Le cadre de la Cyber ​​Kill Chain est-il obsolète ?

Depuis son introduction, le concept de la chaîne d'élimination cybernétique a joué un rôle déterminant dans l'identification et la neutralisation de menaces informatiques élaborées. Toutefois, de nombreux spécialistes en cybersécurité estiment aujourd'hui que cette méthodologie est inadaptée pour offrir une protection efficace face aux cyberattaques dans un environnement de menaces en perpétuelle mutation.

Qu'est-ce que précisément ce cadre de la chaîne d'élimination cybernétique, comment fonctionne-t-il et quelles sont ses limitations ? Poursuivez votre lecture pour le découvrir.

Qu'est-ce qu'un Cadre de Chaîne d'Élimination Cybernétique ?

Conçu par Lockheed Martin, le cadre de la chaîne d'élimination cybernétique est une adaptation du modèle de la chaîne d'élimination militaire, conçu pour identifier et contrecarrer les agissements ennemis.

Il permet aux équipes de sécurité de comprendre et de combattre les intrusions en décrivant les différentes étapes d'une cyberattaque.
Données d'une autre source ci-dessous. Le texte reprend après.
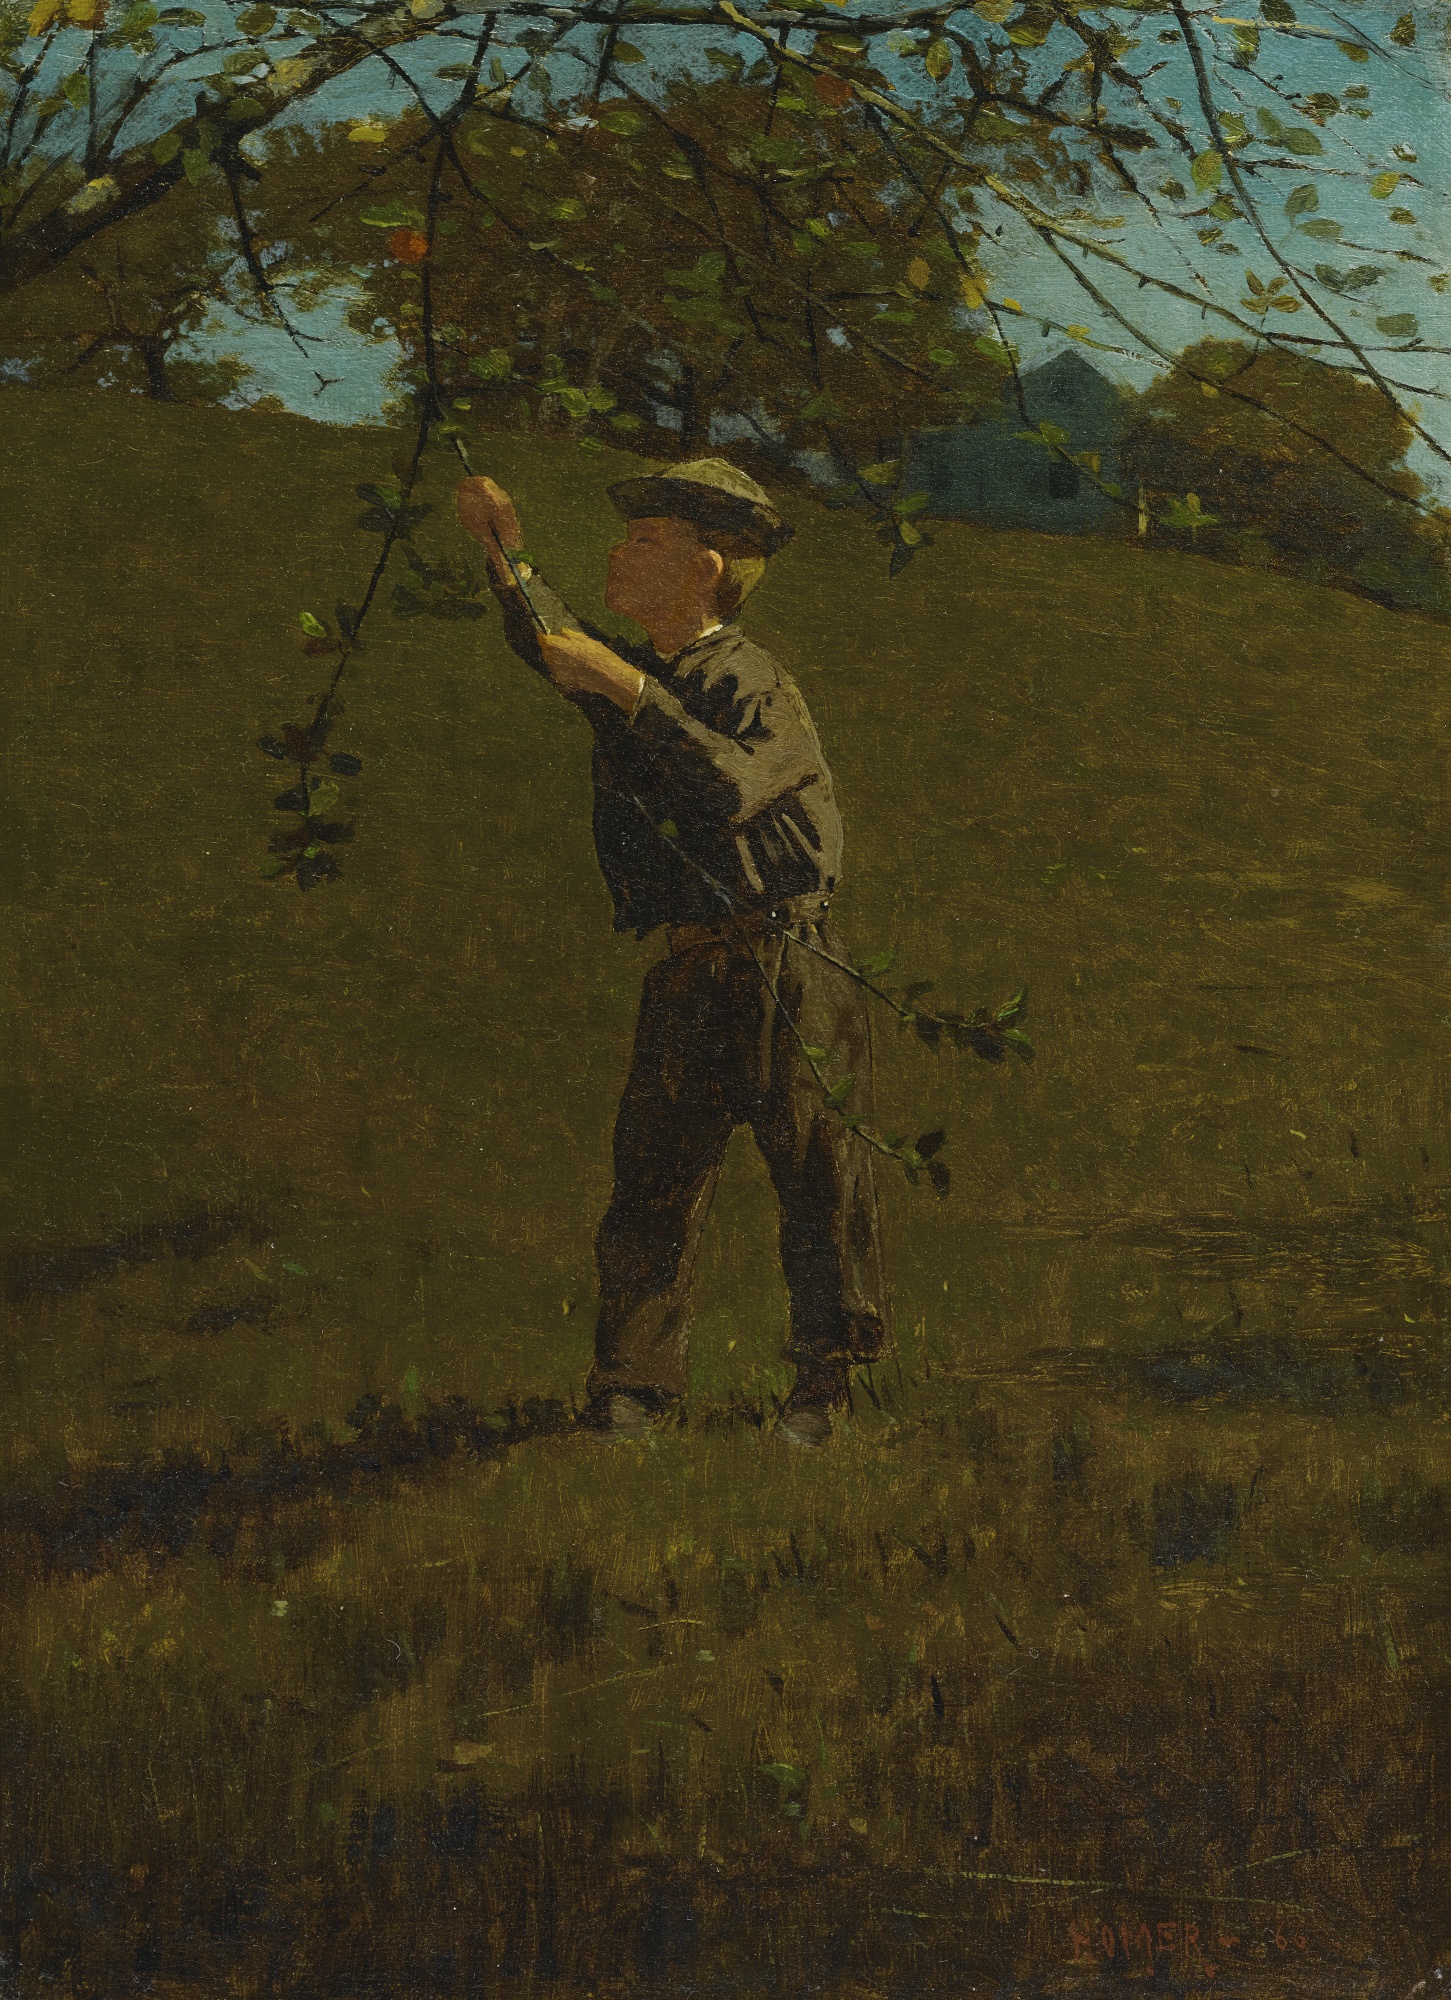 Winslow Homer - Green apples (1866)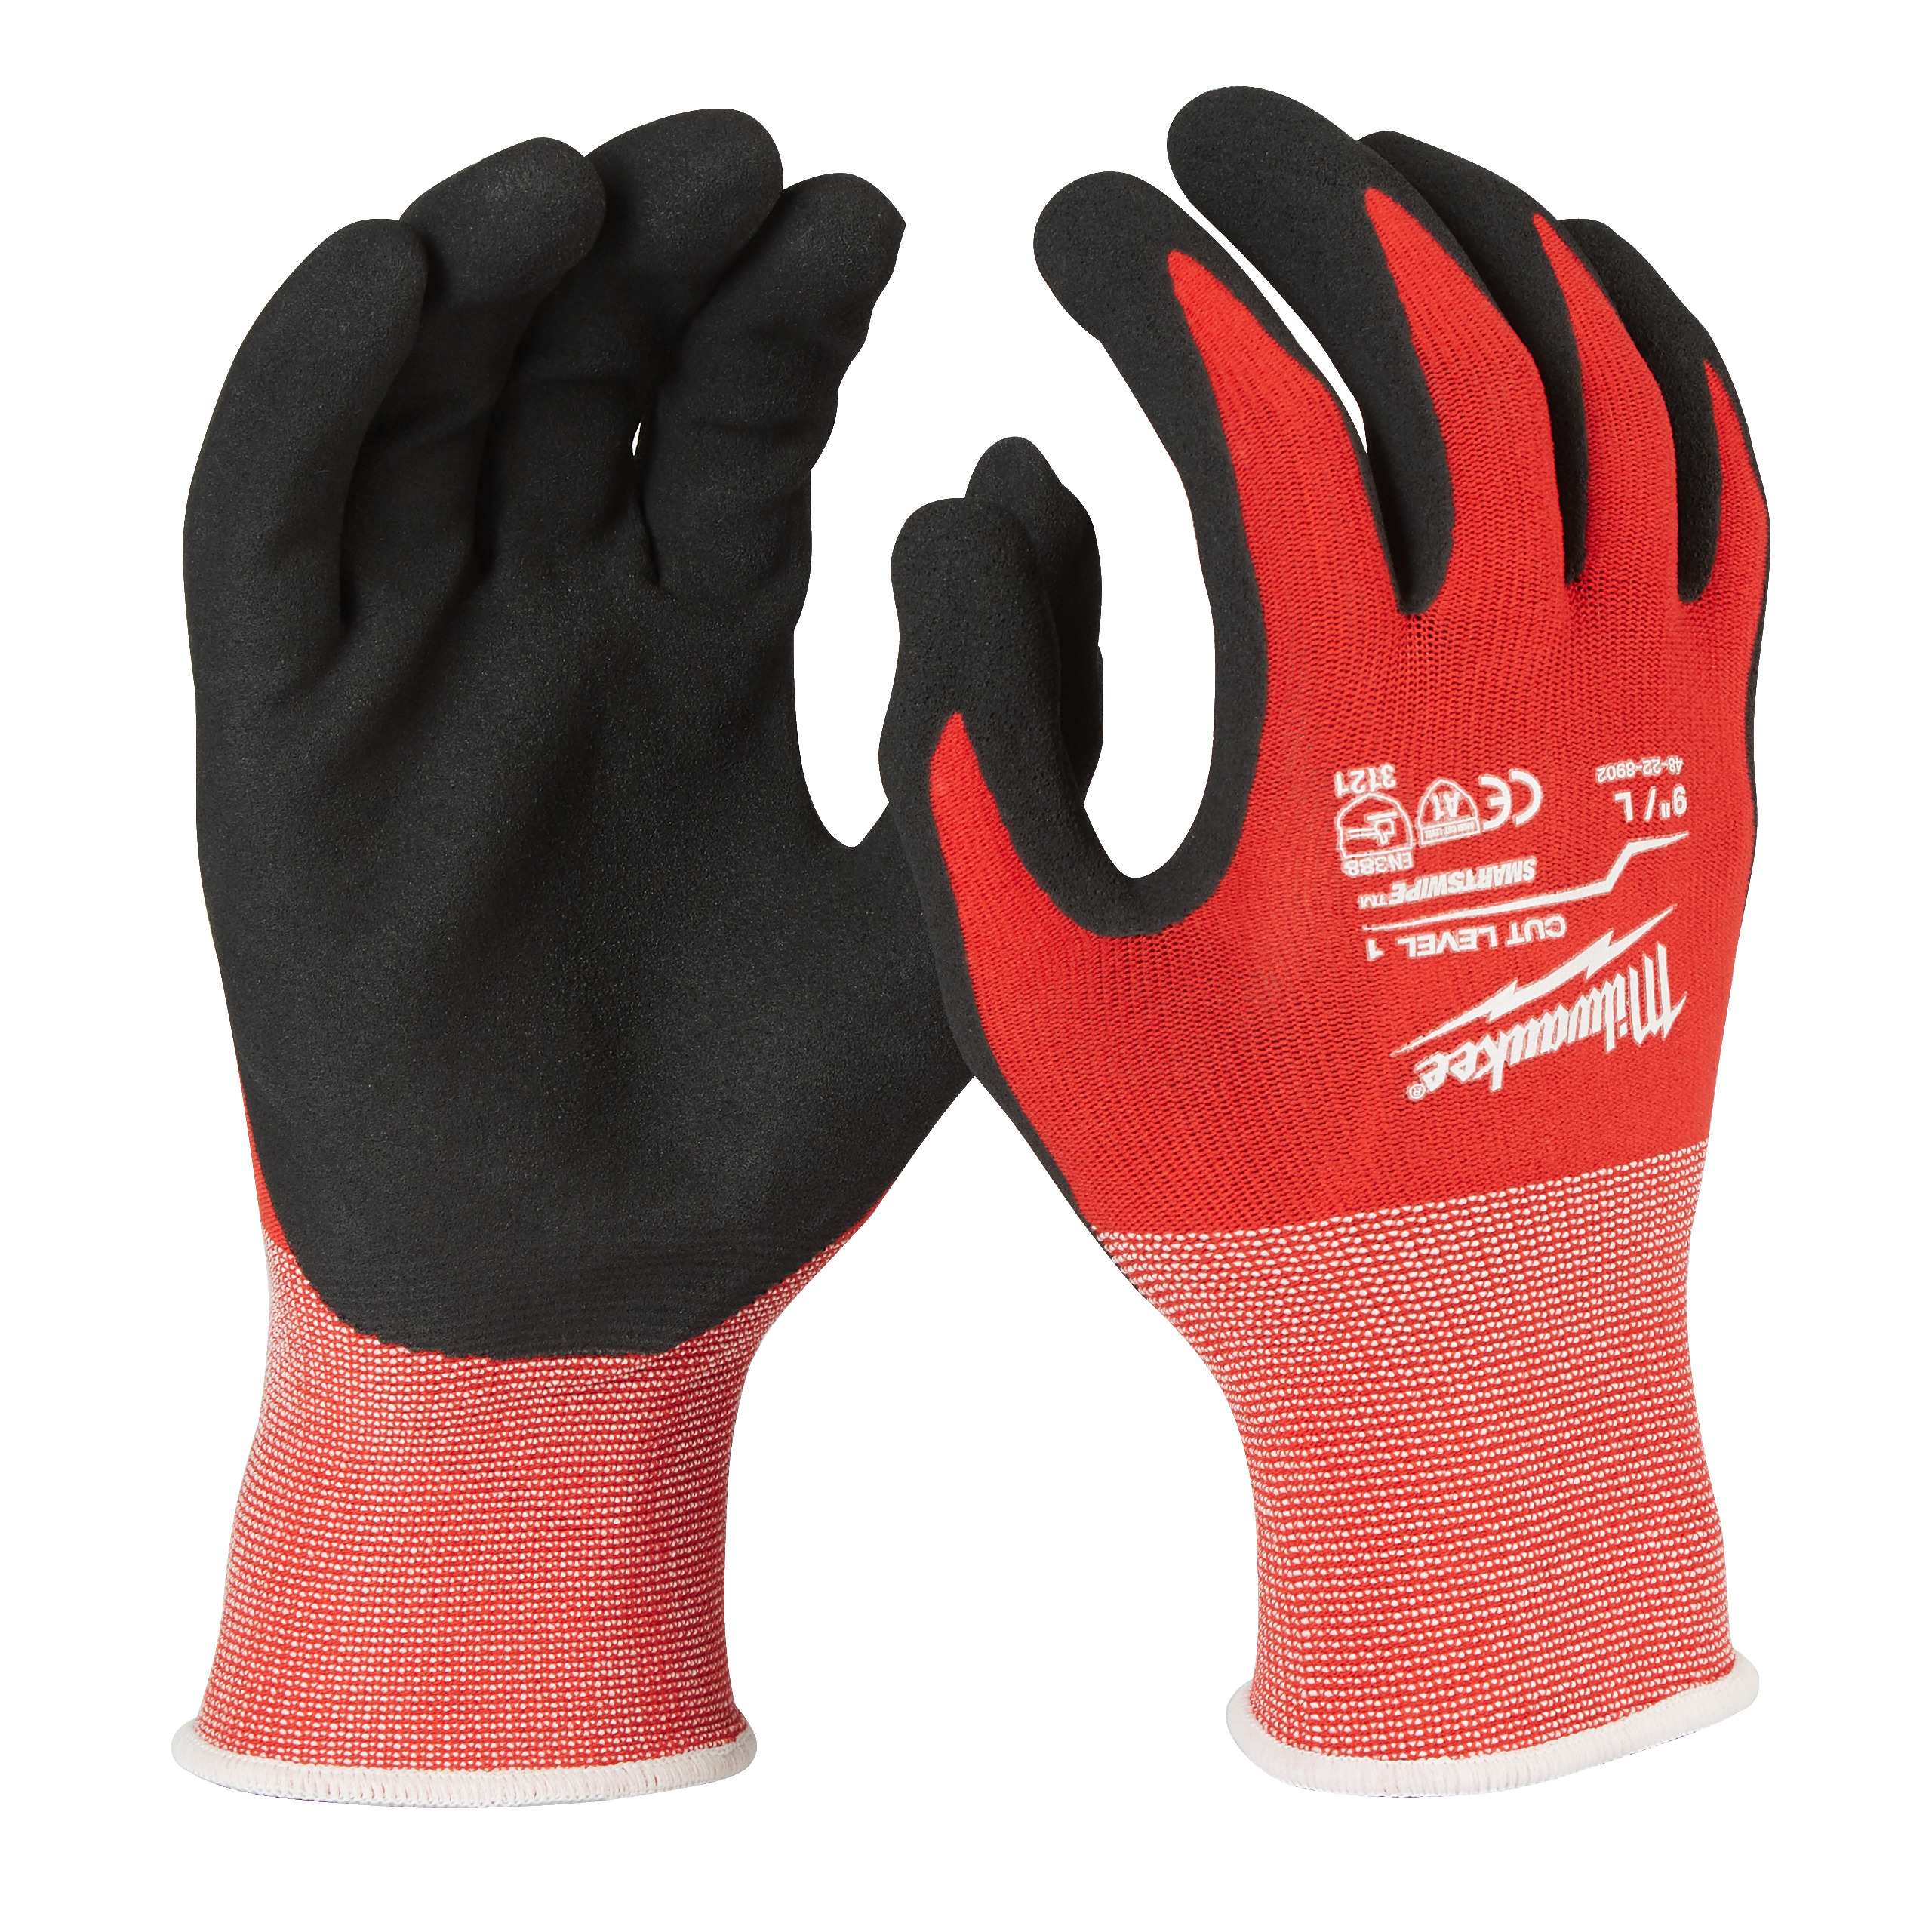 Zimní rukavice odolné proti proříznutí Stupeň 1 -  vel XL/10 - 1ks

De plus, il identifie des points critiques à chaque étape où les professionnels de la cybersécurité peuvent détecter, identifier et intercepter les assaillants.

La chaîne d'élimination cybernétique contribue à la protection contre les menaces persistantes avancées (APT), où les auteurs malveillants consacrent un temps considérable à l'observation de leurs victimes et à la planification de cyberattaques. Ces attaques font fréquemment appel à des logiciels malveillants, des chevaux de Troie, des tactiques d'ingénierie sociale et autres.

Le modèle de la chaîne d'élimination cybernétique est constitué de sept phases : reconnaissance, armement, livraison, exploitation, installation, commande et contrôle, et actions sur les objectifs.

Chaque phase représente une étape du processus d'attaque.

Phases du Cadre de la Chaîne d'Élimination Cybernétique

Le cadre de cybersécurité de la chaîne d'élimination cybernétique aide les équipes de sécurité à anticiper les mouvements des attaquants pour une interception plus rapide.

Crédit image : Lockheed Martin

Voici les sept phases du processus de la chaîne d'élimination cybernétique.

#1. Reconnaissance

La phase de reconnaissance consiste à collecter des informations sur la cible visée, qu'il s'agisse d'un individu ou d'un réseau.

On distingue deux types de phases de reconnaissance.

Reconnaissance Passive

Durant cette étape, les pirates s'efforcent d'amasser des données à partir de sources accessibles au public. Cela peut comprendre l'examen de WHOIS, des offres d'emploi, de LinkedIn, des profils de réseaux sociaux, des sites Web d'entreprises, etc. Ils peuvent également utiliser des outils tels qu'ARIN ou SHODAN pour détecter des vulnérabilités et des points d'entrée potentiels.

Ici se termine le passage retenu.